Уходя в увольнительную, часто шутили: «Изощренный меч свой взял?»
Всю ночь Гомера читали, пока не
— Все! — Геныч резко поднялся, скинул махровый халат. Под левым соском у него открылась надпись, которую он сделал, когда во французский иностранный легион заслан был: «Эль сон тут шосон софт маман!» — «Все суки, кроме маман!» Надо будет и себе сделать такую же, если будет на чем! — Все! — Геныч оделся в хаки.— Цезаря сегодня не станет! Внезапная смерть на унитазе. Анализы соответствуют. А кто захочет вдруг этому помешать,— взгляд на меня,— отправится за ним!
Вышел. Мы с Ромкой еще допивали.
По белому известковому серпантину на горе ползли, как гусеницы, длинные черные машины.

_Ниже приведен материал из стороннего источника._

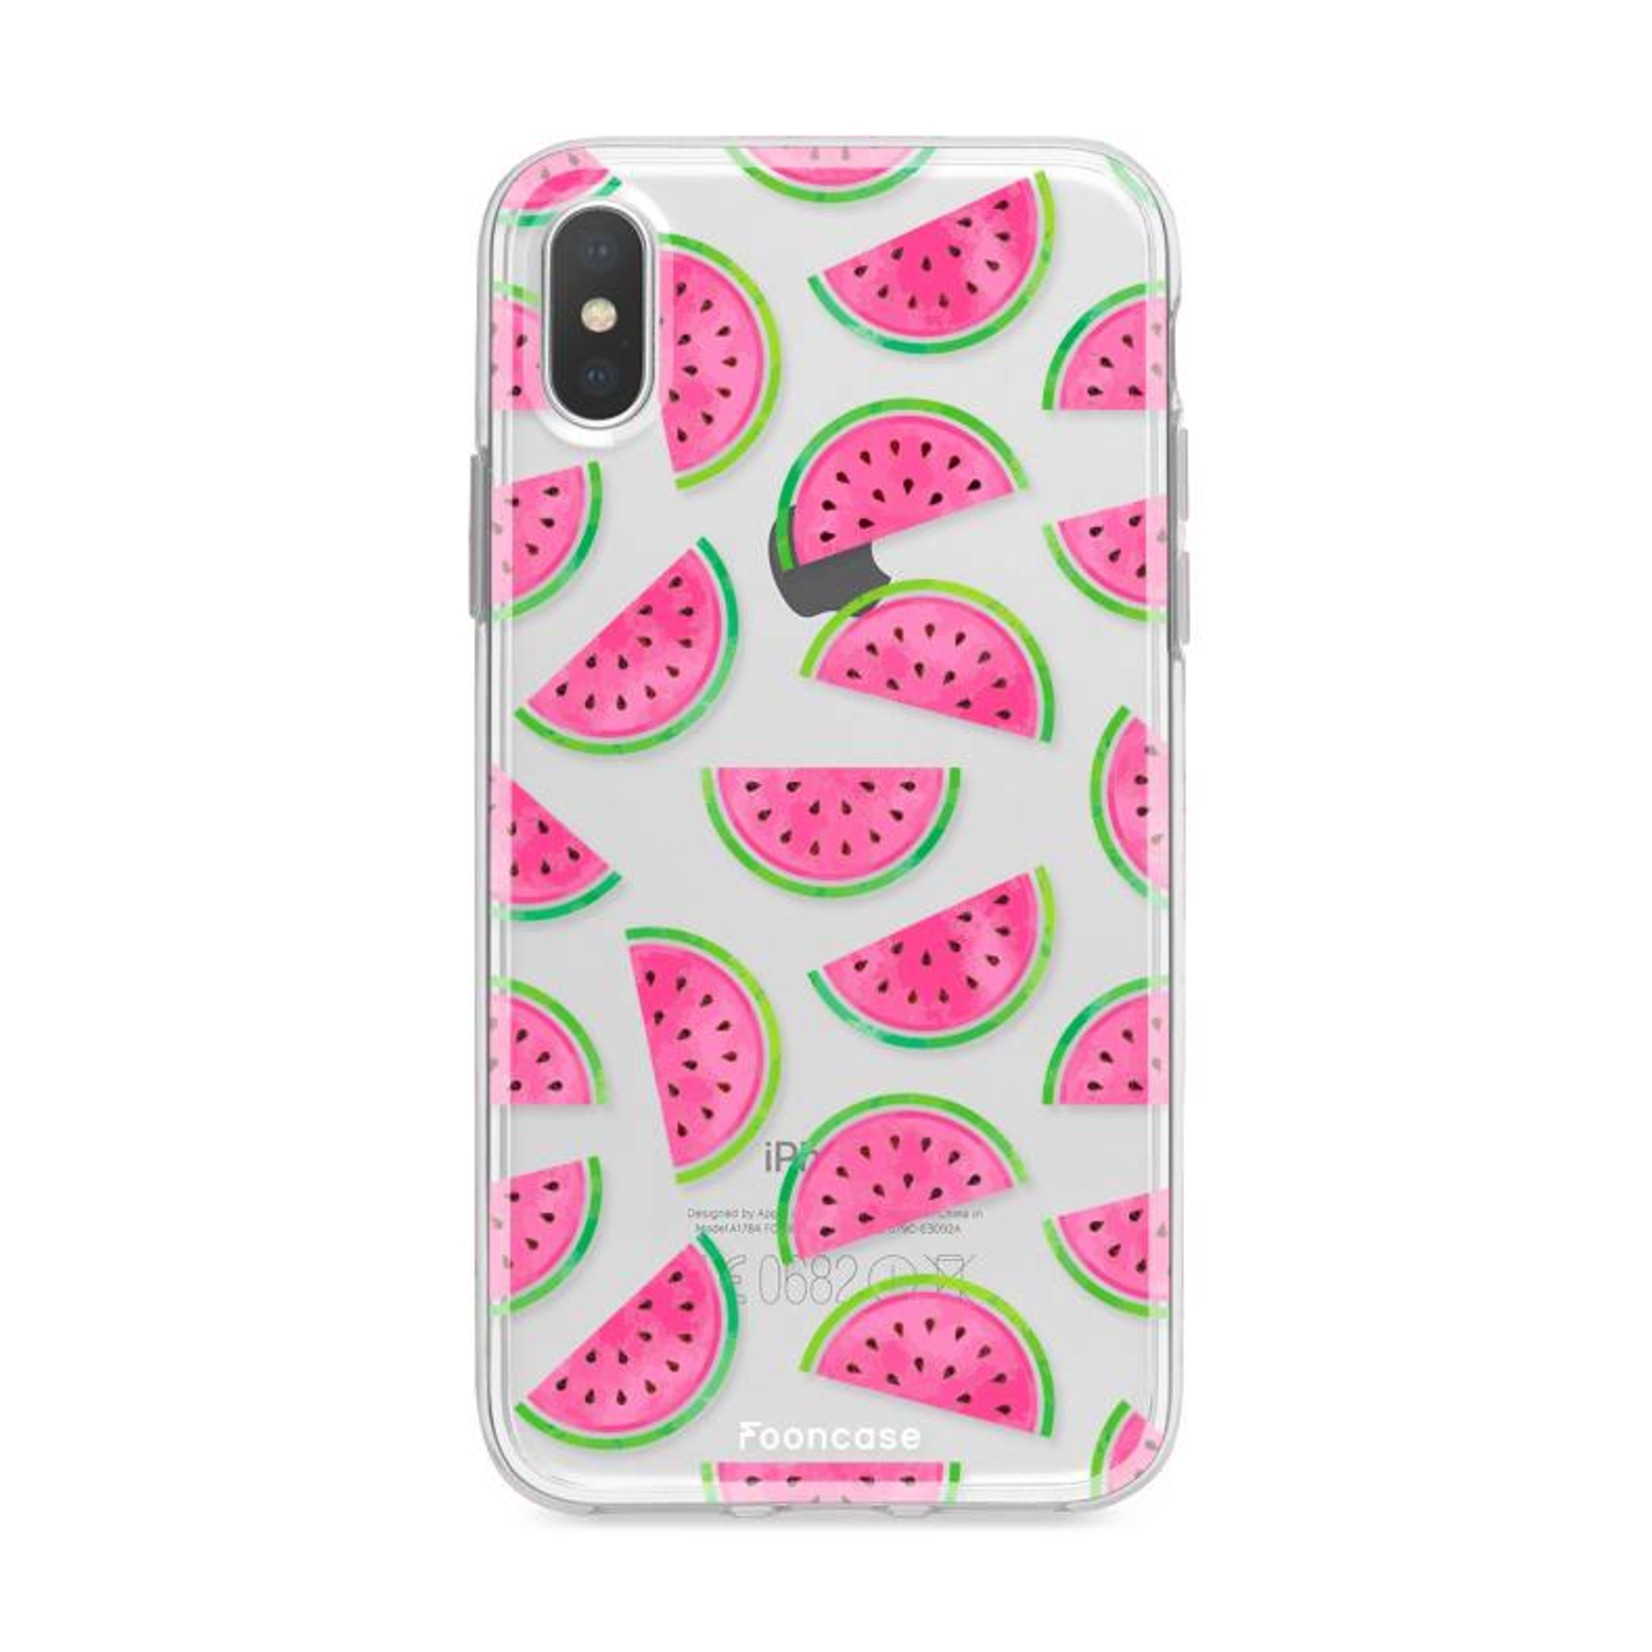 FOONCASE Iphone XS Max Case - Watermelon
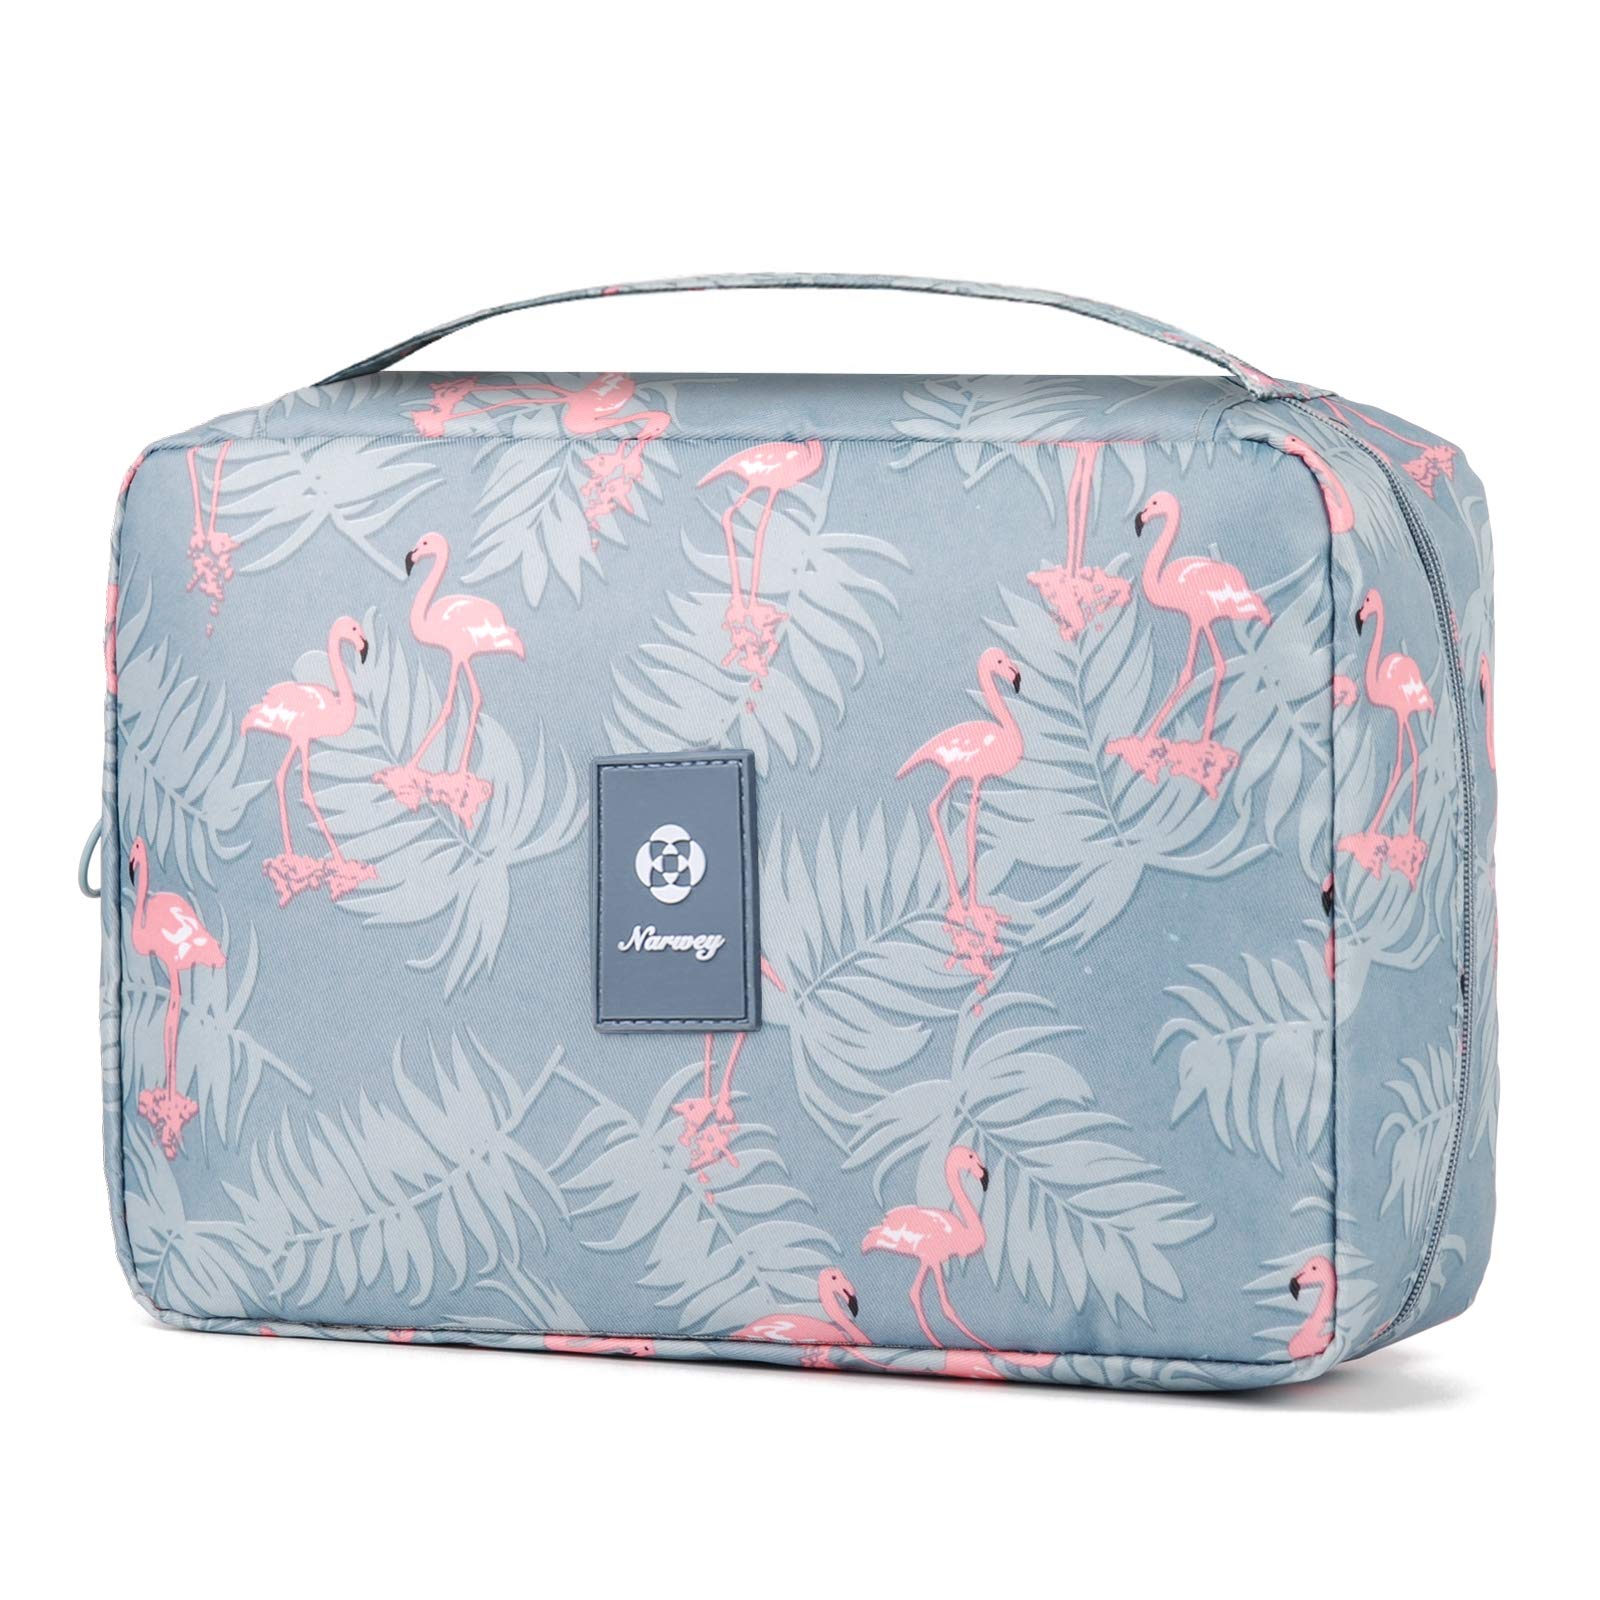 Narwey Hanging Toiletry Bag for Women Travel Makeup Bag Organizer Toiletries Bag for Cosmetics Essentials Accessories Flamingo

— О! Похоронная процессия! — проговорил пьяный Ромка.
И уже из темного окна аппаратной я вижу, как Зайчика из трапезной бережно под руки ведут на «электрический стул». Не терпится! На мраморном крыльце, как богиня мщения, застыла Нелли.
Верещит зуммер.
— Дальнюю врубай! — хрипит в трубке Грунин.
— Есть!
Гудение изменилось — пошла дальняя!
На горизонте полупрозрачные, как рыбы, рисуются военные суда. И в других странах и континентах тоже загудело: застыли в ожидании биржи, министерства, подводные лодки. Ждут сигнала с нашего унитаза! Свои делишки под наш грохот тоже хотят провернуть!
Зайчик останавливается, тяжело дышит. Потом, улыбаясь, говорит что-то Генычу — тот, укоризненно качая головой, протягивает ему сигарету. Дым плывет в солнечном луче. Последнее, можно сказать, желание — перед «электрическим стулом», сделанным мной!
«Ты помнишь? В нашей бухте сонной спала зеленая вода, когда кильватерной колонной вошли военные суда». Любимое наше стихотворение с Ромкой. Сейчас Зайчика шлепнут «с чувством глубокого удовлетворения».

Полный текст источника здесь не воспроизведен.